For those of you who don't remember me or haven't met, I was active for a little while, then started lurking, posting every once in a while. I am 36 my husband is 34. We married 18 months ago and almost started trying right away.
I looked into an RE after 6 months of temping and charting. I was told that to even see her that it would be over 1000 with my insurance. We can't afford that at all. So we are just on a let's do this until it works kinda thing. I really wish I could go and find out what is wrong but it isn't in the cards. We are trying to pay off our debts so we can start to save something for this but by the best records and no extras we will not be able to start any kind of treatment for four years. I will be 40 then. So we looked into adopting just to check on the cost and we are running into the same problem. This leads to the problem with feeling selfish. I have been told that I would make a great mother and have a great time working with a youth group that I am an adviser for. I want to have a family. I have always wanted a big family. I have always wanted to be a stay at home mom, taking care of my family. Now debt is keeping me from that dream and I am feeling like it is selfish of me to want a kid when I still owe money. I am not as young as I use to be and I can't really do two jobs anymore with out it straining my marriage. But I still want to have the family.

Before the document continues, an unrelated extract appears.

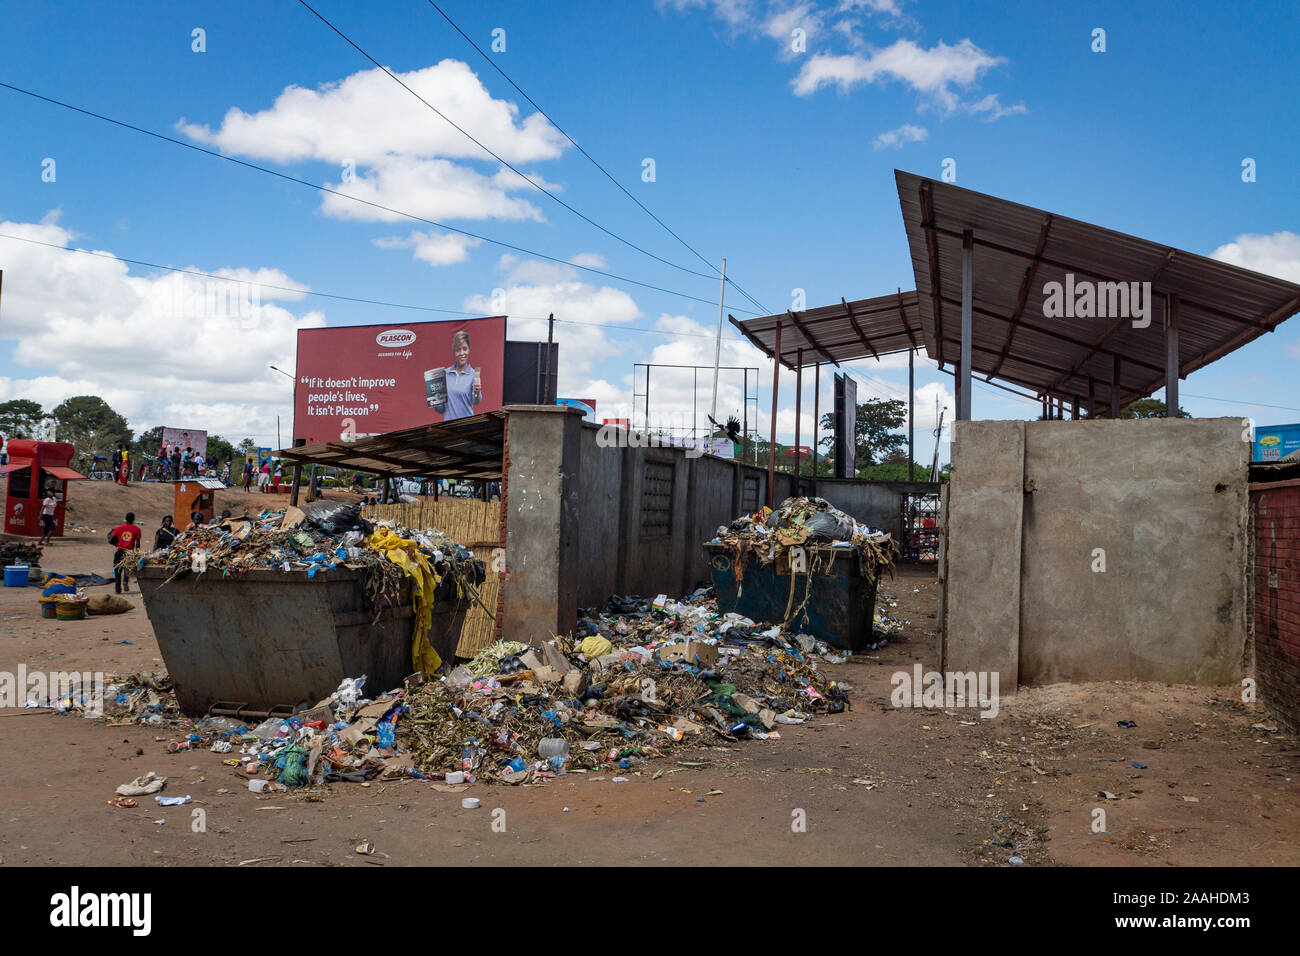 Rubbish collection point in Mzuzu Market, Malawi Stock Photo

This leads me to pissed off. I have been having to keep from yelling at things like TV's and Radios or random people on the street when I am reminded how unfair things seem to be. I know that everyone has it hard and that I am not the only one that this applies to but it still sucks, that I did everything in the manner that I was told to do it and now I am screwed. I waited until I was in a healthy relationship to discuss marriage. I waited until I was married to try to have a kid. I worked my way through school, but had to stop when I couldn't afford it any more. I lived on my own instead of living off my parents like so many others my age. I didn't have kids out of wedlock like so many my age. I am on my first marriage. I did things right and now I get to deal with the side effects.
Today is just not my day. Thank you for anyone who read all the way through. Sorry if it seems like I am whining.